Liège on Stage 1 is no different to this pattern, and Cancellara’s RadioShack-Nissan team ride tempo while various hopefuls launch themselves towards Seraing. Those trying to digest
their generous breakfasts in the crowd behind are delighted when things calm down a little sooner than is often the case and the break forms. Six riders, no famous names, no danger to those with
their eye on ultimate glory. After a few moments of jousting with the sextet a handful of yards in front of them, the peloton relents and they gather themselves for a few minutes,
Cancellara’s men ensuring it doesn’t get silly and jeopardise his yellow jersey.
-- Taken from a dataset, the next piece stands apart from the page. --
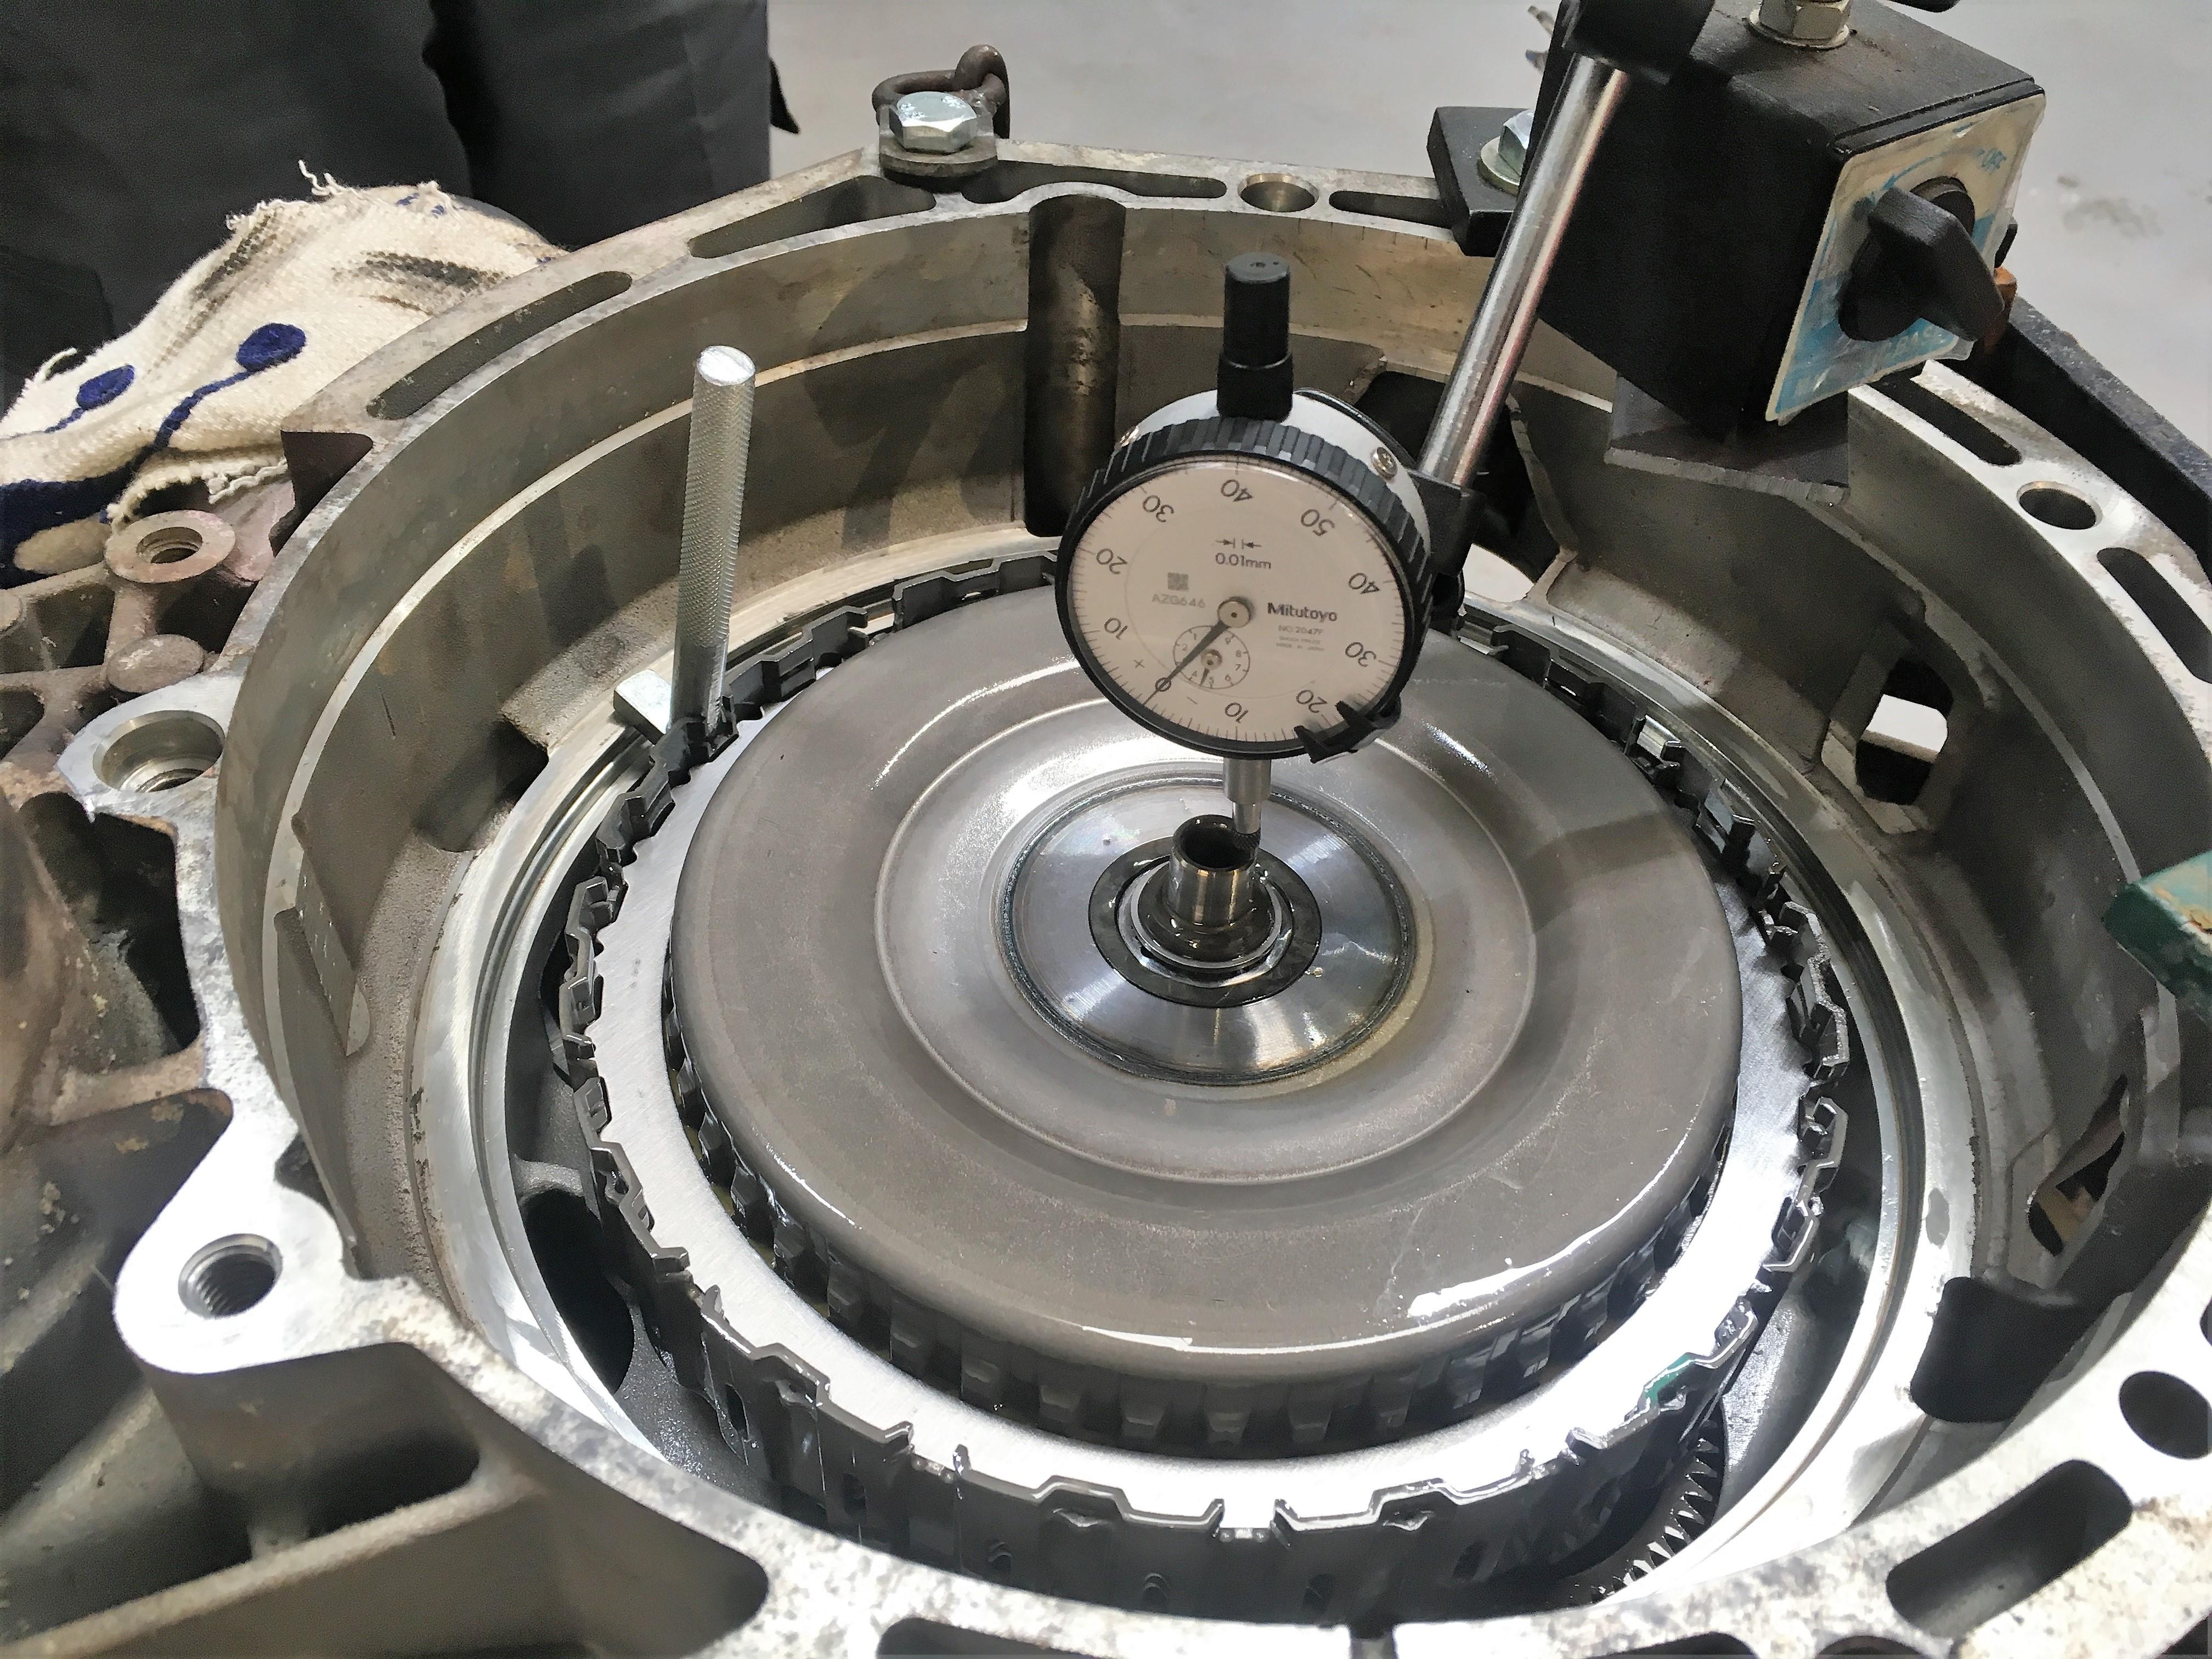 VW Audi DSG clutch replacement

This morning in the Team Sky bus, Sean Yates had laid out the day’s priorities:

No crashes.

Keep Brad safe.

Put a rider in the break.

Keep the race together in the final stages for Cav.

Lead out Cav.

Give Edvald Boasson Hagen free rein.

The first week of the Tour de France is a dangerous place to be. People fall off. Dreams are shattered. The best laid plans of mice and bike riders et cetera. When Wiggins hit the deck,
resplendent in his newly acquired GB Champion’s jersey twelve months ago, it was the death of a million hopes for British bike fans, not to mention the man himself, his team and his family.
Crashes happen, but there are things that can be done. It’s safer to ride near the front. It’s better to have your teammates around. And it’s good if it’s not raining.

If there’s a rider from Team Sky in the break, less work is required from his teammates to chase things down. It’s also an opportunity to win a stage if the move stays clear, or even
a chance to take yellow when time gaps are so narrow at this early stage in the overall competition.

Cav’s requirements become more accentuated the nearer we get to the finish. If he’s in there, he’s trusted to win. He’s the fastest man here out of the 200-odd riders
competing. If the team can bring him through, they will.

Edvald Boasson Hagen, champion of Norway, is a popular man at Team Sky. Blessed with immense strength, he has the ability to blast his way to victory on hard days. His overall hopes are hampered
by his difficulties in the high mountains, but he is a wild card, a quality accessory that any team would be glad to have. Let him go his own way.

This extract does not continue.